The 100 Mile House resident and avid community volunteer always has something on the go – a project with the local Legion, a board meeting with the Stemete7uw’i Friendship Centre, a new craft or baking recipe.

“I can’t just sit around doing nothing,” Urquhart, 80, said.

She has been a familiar face throughout the South Cariboo since moving to the area in 1987, when her husband was hired by Sanders Redi-Mix and the family relocated from Merritt.

Having never been to 100 Mile House, Urquhart didn’t know what to expect. She admits the welcome wasn’t exactly warm at first. As an Indigenous woman living in town, she recalls many assumed she was from the Canim Lake Band and were somewhat unfriendly towards her.

“The people in town would glare at me,” she said.

However, after taking a job at the junior high working with Indigenous youth, she got to know many teachers, students and parents and recalls “the attitude changed.”

She spent close to 25 years working with the district, all the while raising six children of her own.

“It was a great job, I loved working with the kids,” Urquhart said. “Even when I retired at 68, the kids still wanted me to stay on.”

READ MORE: Friendship Centre renews connections

Retirement certainly did not mean Urquhart would slow down her community involvement.

As a longtime member of the Royal Canadian Legion, Urquhart took the reins as chair of the poppy program several years ago. She organizes the annual poster contest with the local schools, heads up the local poppy drive starting the last week of October and helps host the Legion’s annual Remembrance Day luncheon.

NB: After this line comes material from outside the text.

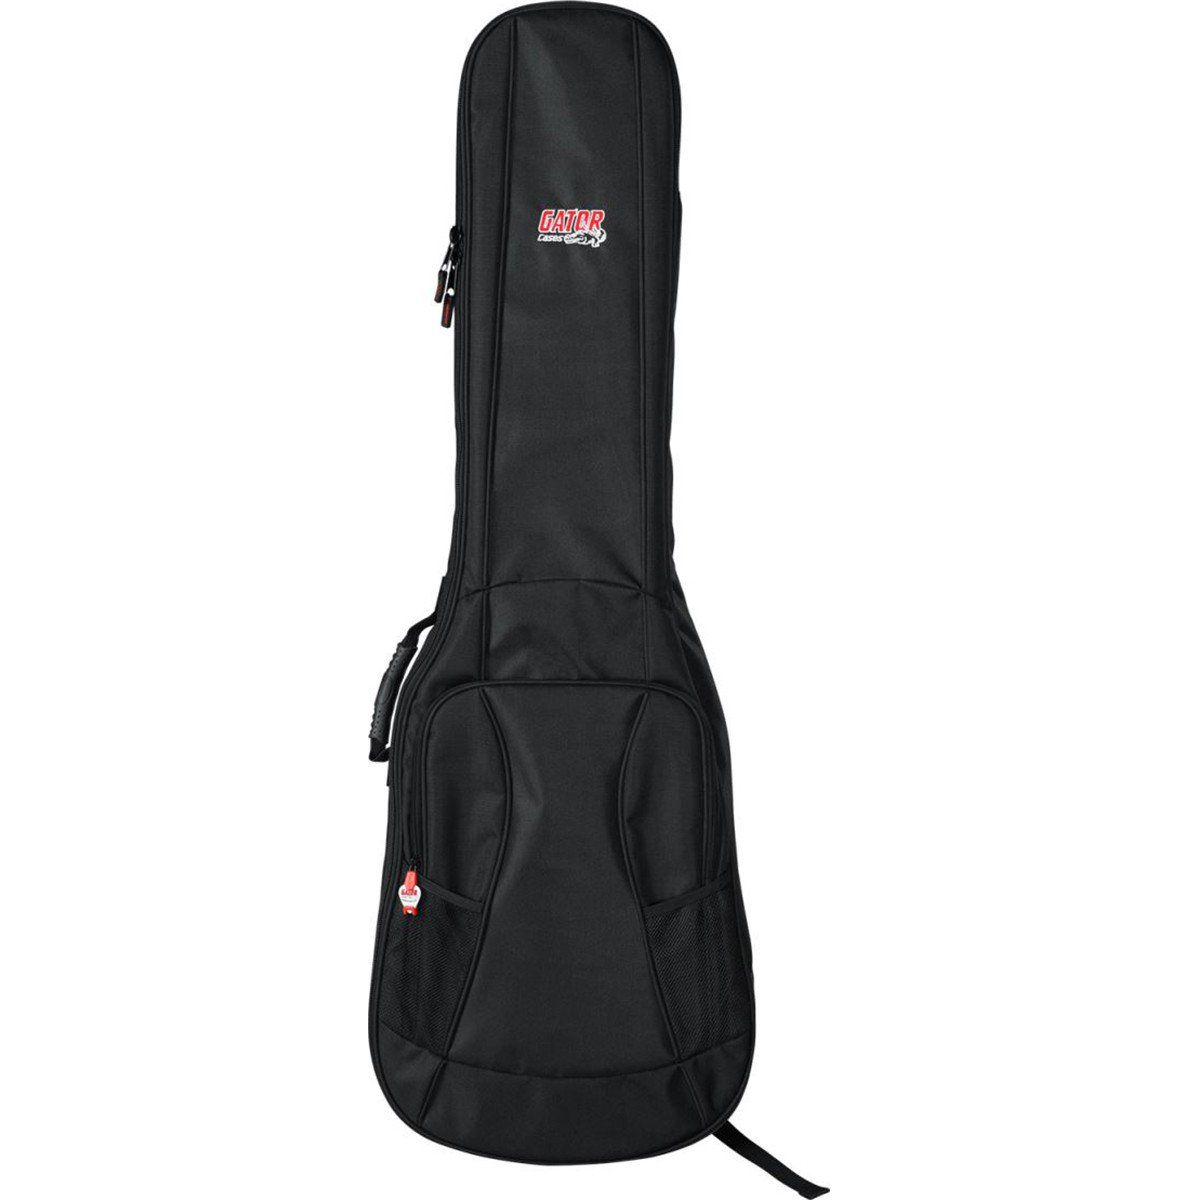 Gator GB-4G-Bass Bag Gator GB 4G Bass para Contrabaixo
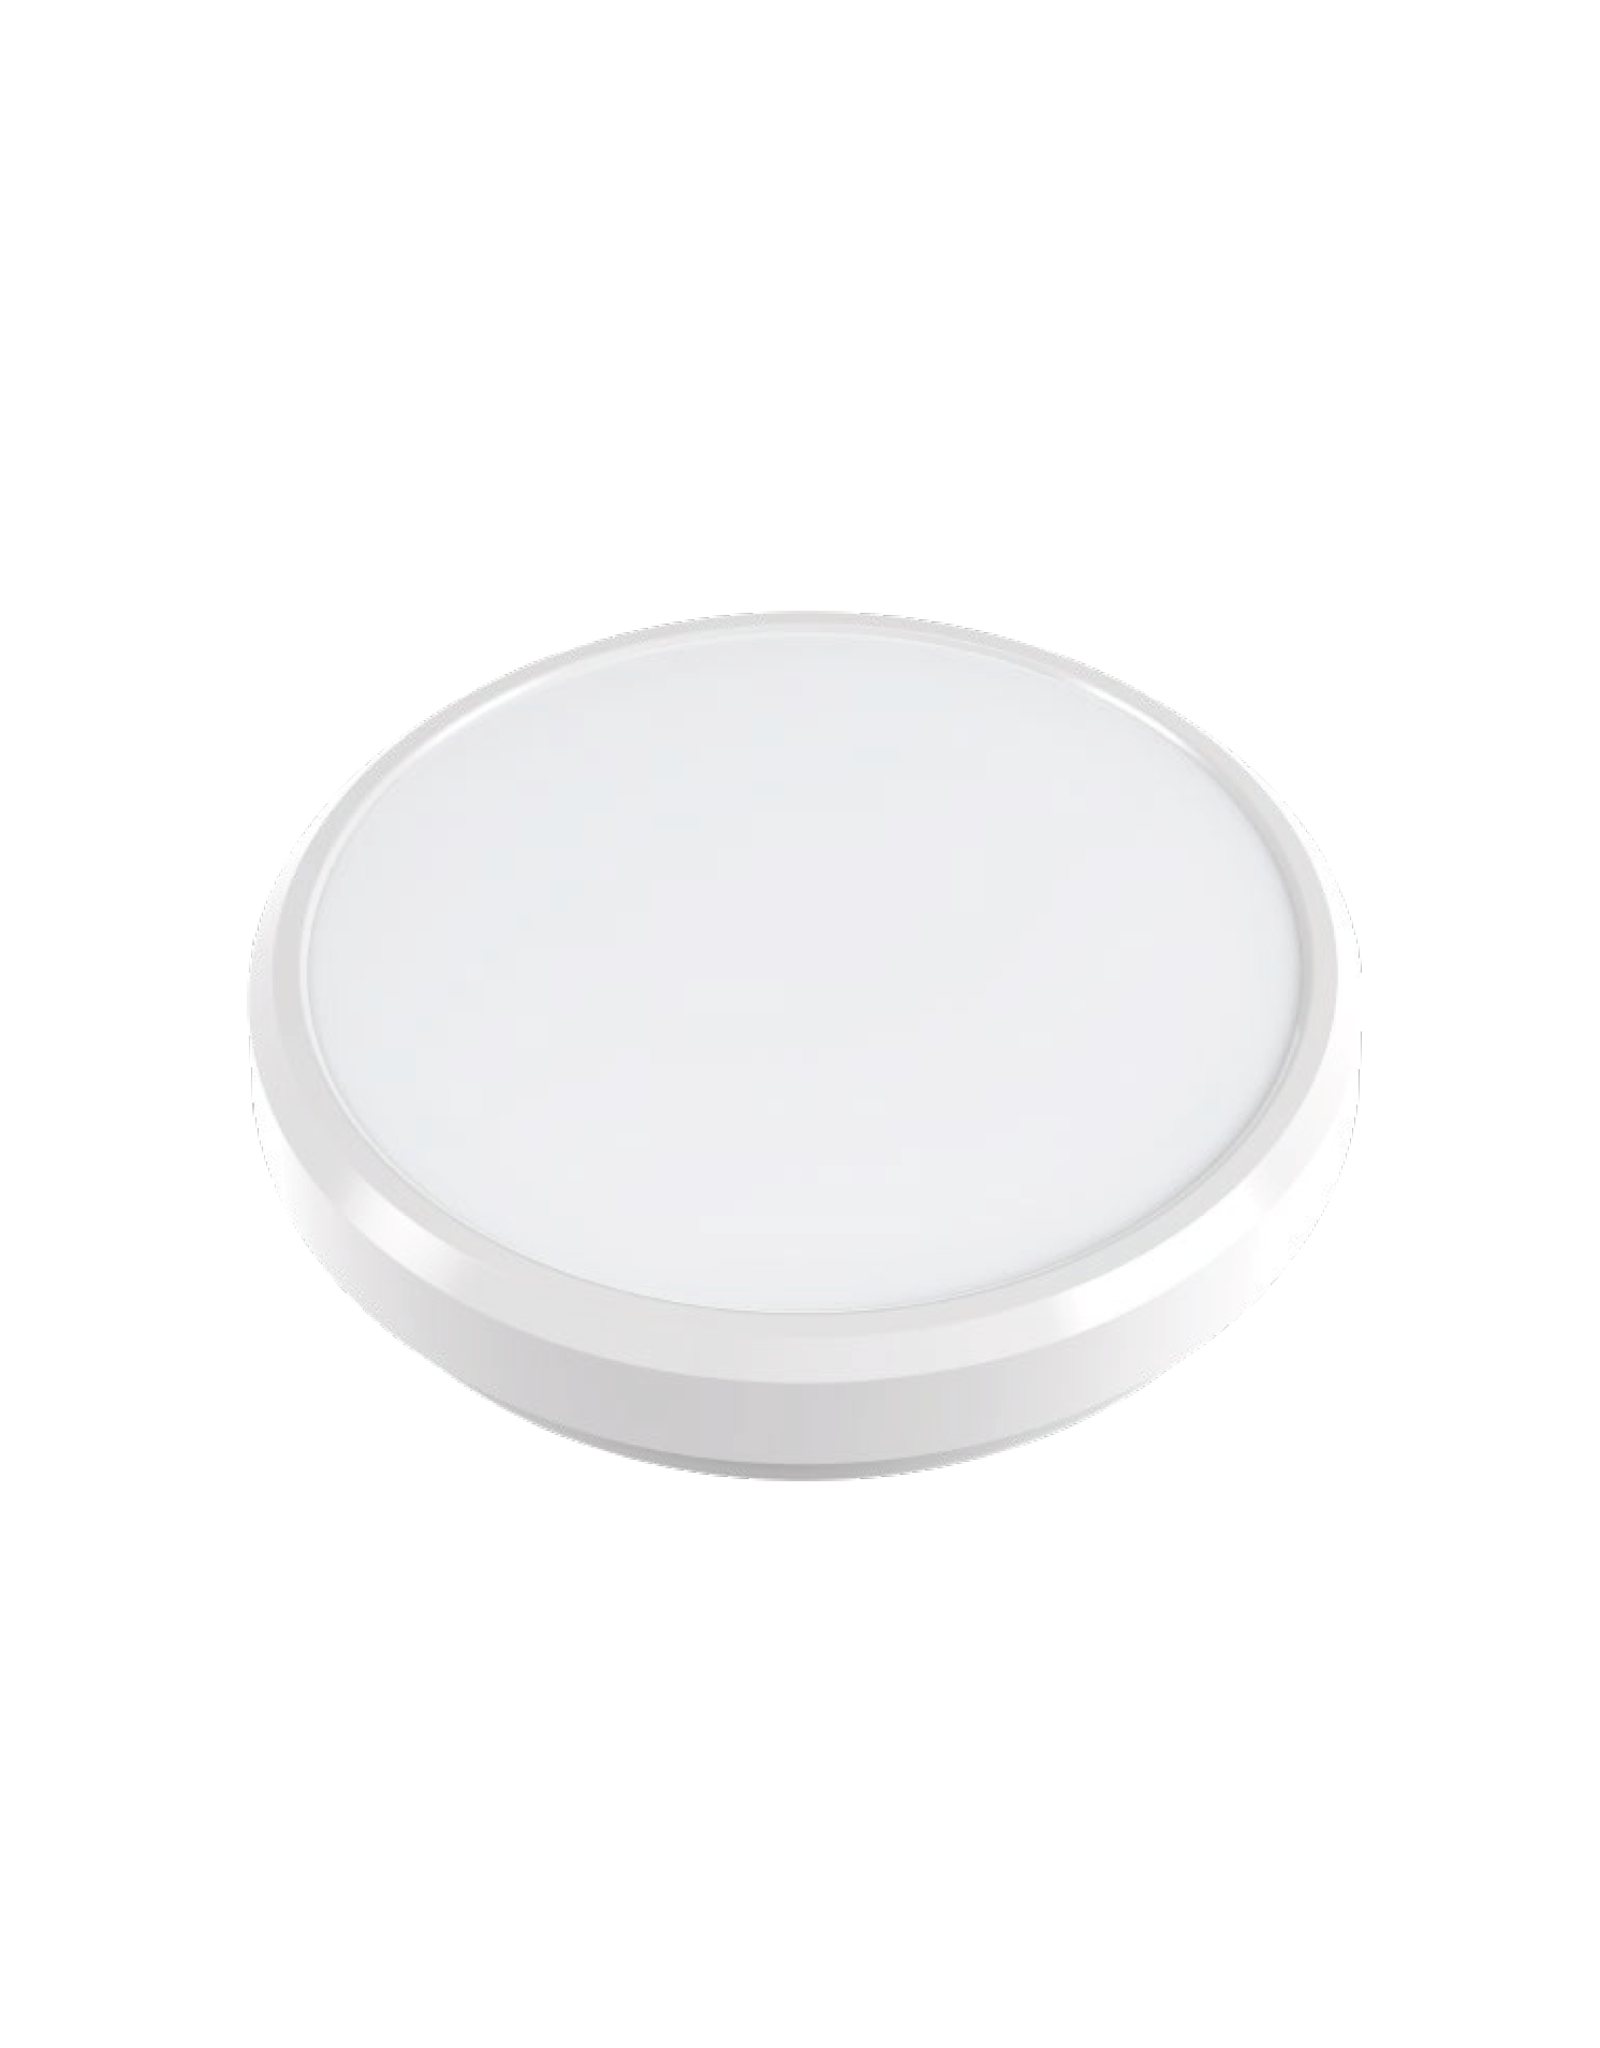 LED plafonniere LUNA 2.0 - 3000k/4000k/5000k - 14W/18W - NOOD

“It’s a busy time of year, but I really enjoy it,” she said. “Especially working with the students on the poster contest.”

While she puts in a lot of work raising funds for the Legion, Urquhart said she is always taken aback by how generous the 100 Mile House community is around Remembrance Day.

“They come out and they really donate – you’ll see people putting in $100 bills, $50 bills or writing cheques,” she said. “It just amazes me that they are so generous. I love the people of 100 Mile.”

In recent years, Urquhart has become an integral member of the Stemete7uw’i Friendship Centre, after joining in 2019 and quickly being recruited to the board of directors.

“I didn’t even know it was here until 2019, the first time I came,” Urquhart recalled. “Then I came to the first meeting and they said, ‘you’re going to be one of our directors’ and I said, ‘Ok!’ And that’s how they roped me in.”

Though the centre is currently closed to the public due to COVID restrictions, during normal times Urquhart can be found helping to serve soup and coffee, putting up posters around town to promote events or visiting the radio station and newspaper to get word out about the centre’s activities.

She is currently on the hunt for a downtown location where the friendship centre might be able to relocate, in an effort to attract more members.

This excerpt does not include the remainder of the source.